Data —
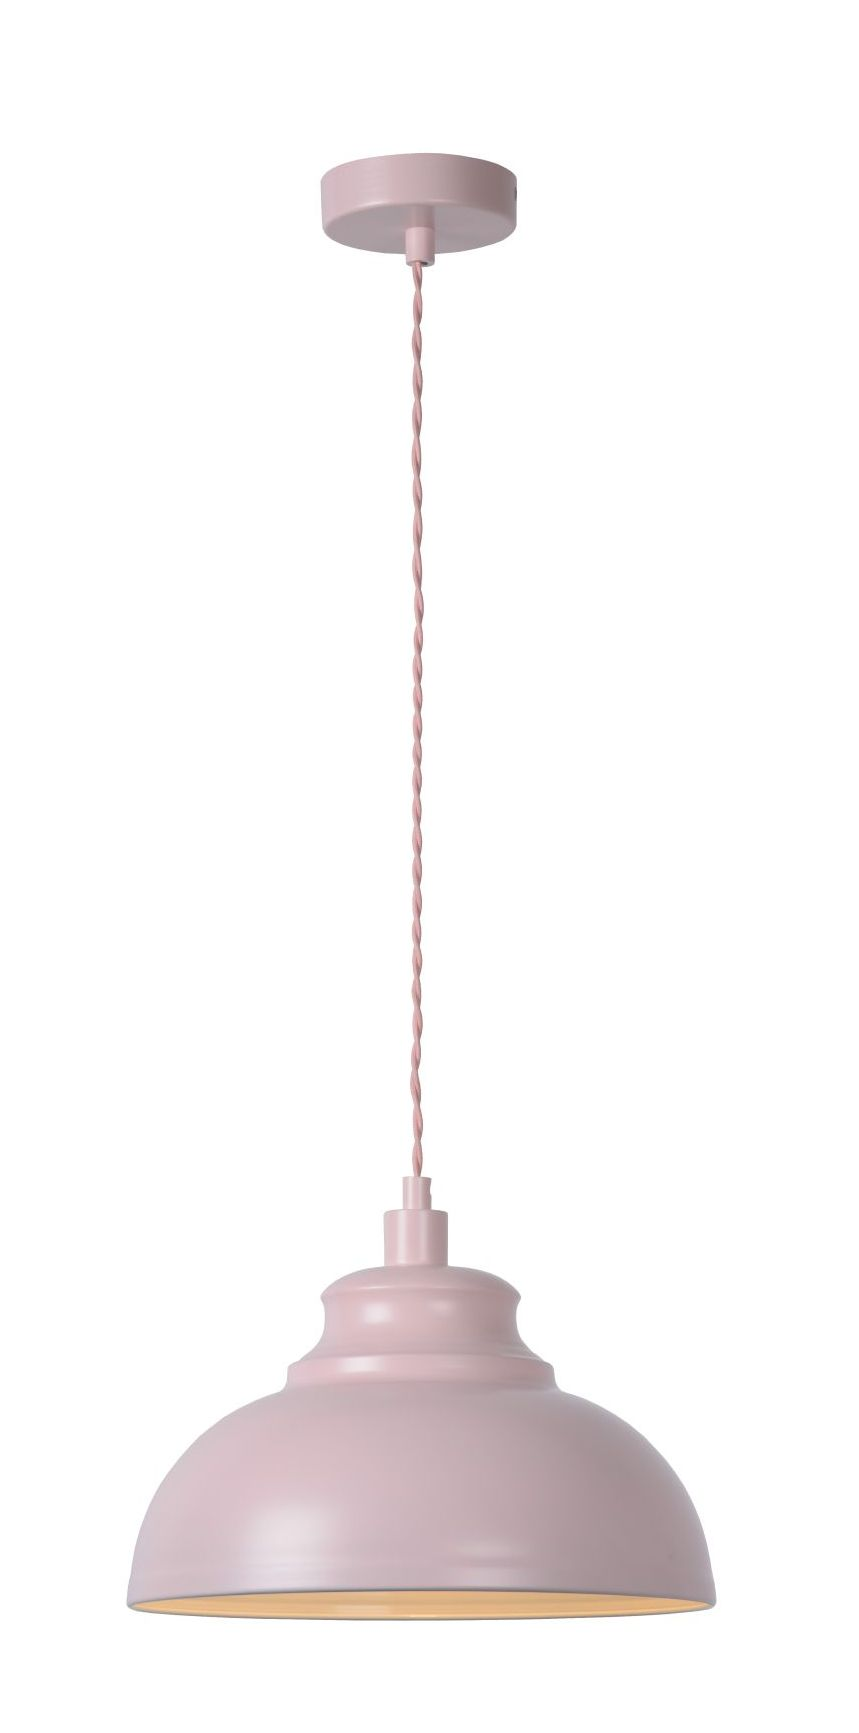 Lampa wisząca ISLA - 34400/29/66
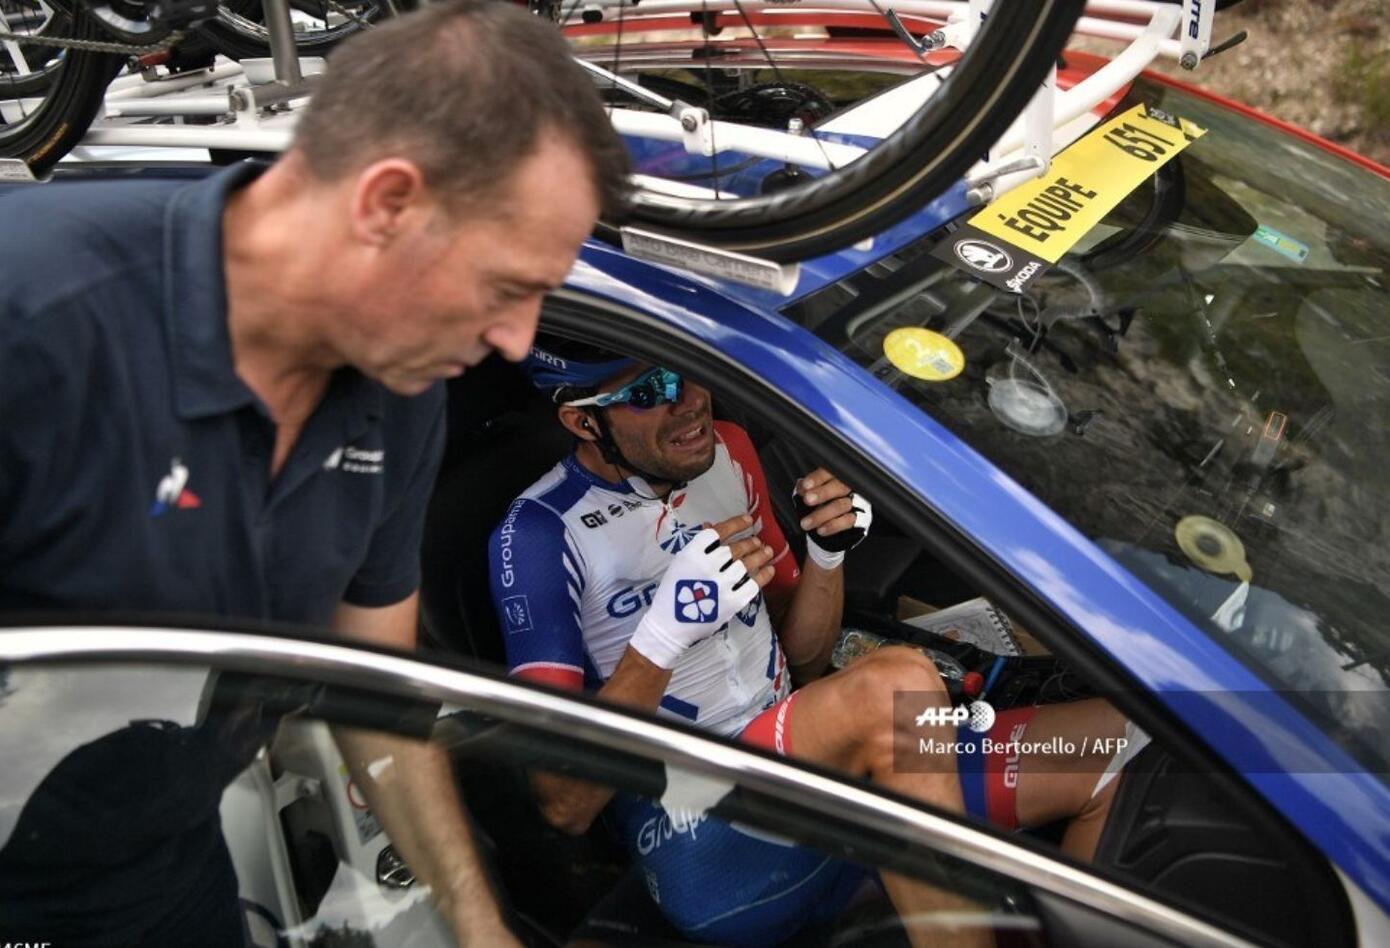 El ciclista del Groupama acudió al coche médico a falta de 93 kilómetros
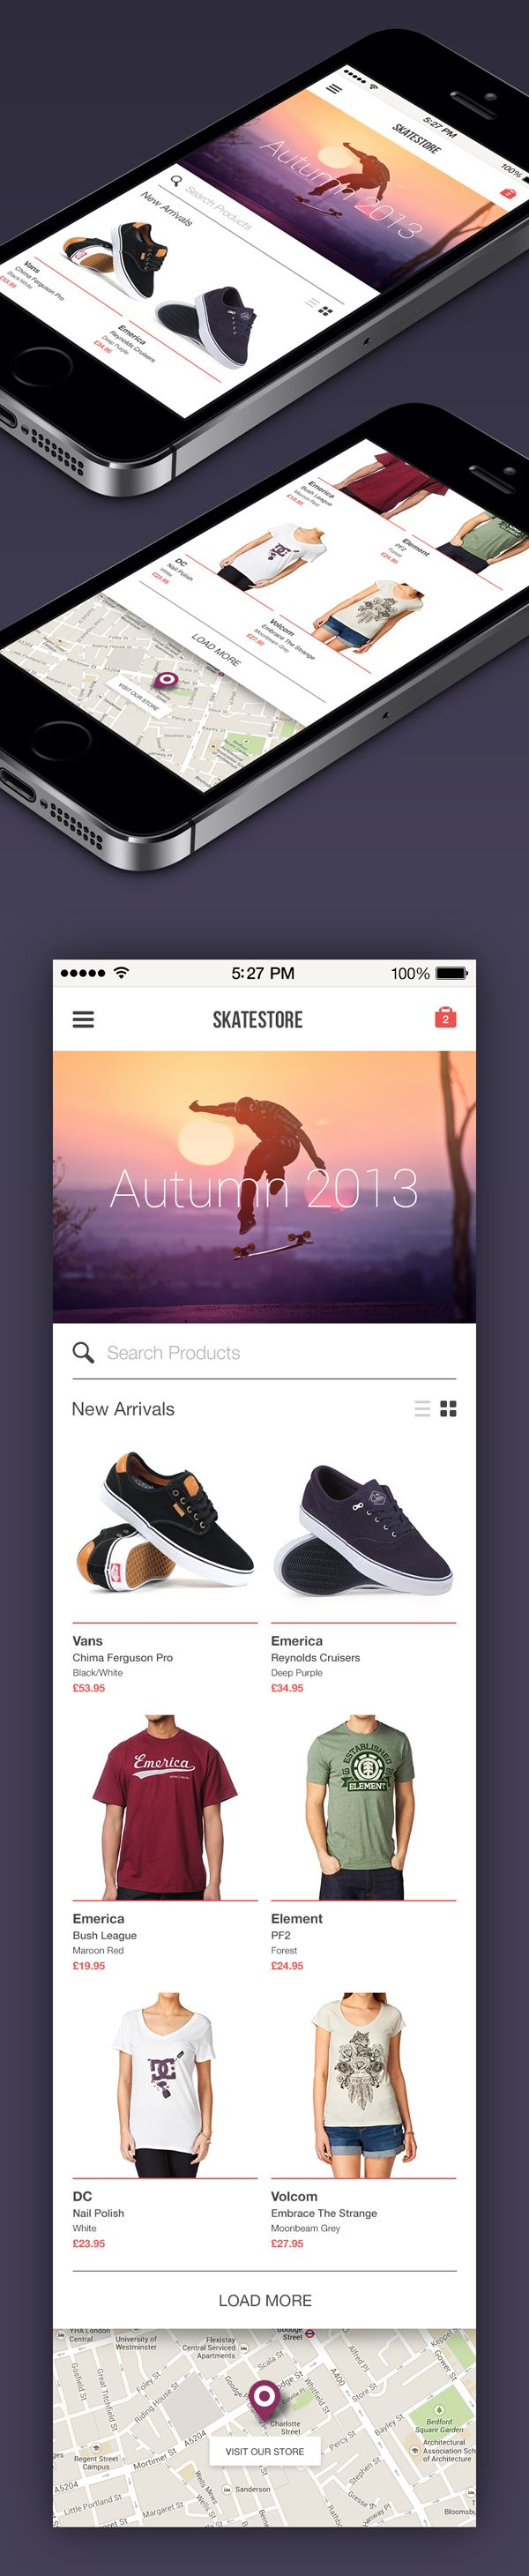 Skatestore on App Design Served
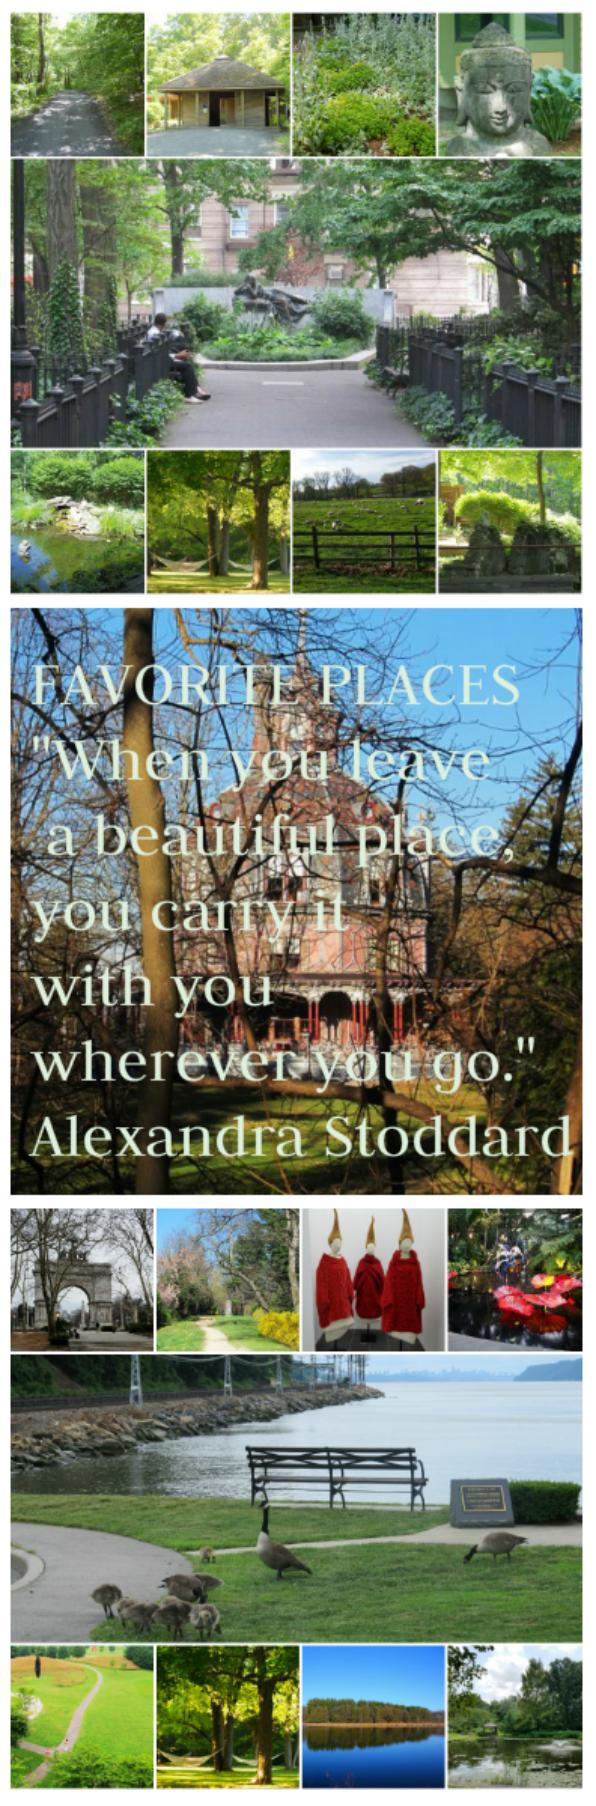 Photo Challenge: Favorite Places

Work request — When the line that holds "El ciclista del" is reached, begin duplicating exactly, and continue through the last line of the listing, skipping the pictures; output nothing else.

Answer for this exercise —
 El ciclista del Groupama acudió al coche médico a falta de 93 kilómetros
 Skatestore on App Design Served
 Photo Challenge: Favorite Places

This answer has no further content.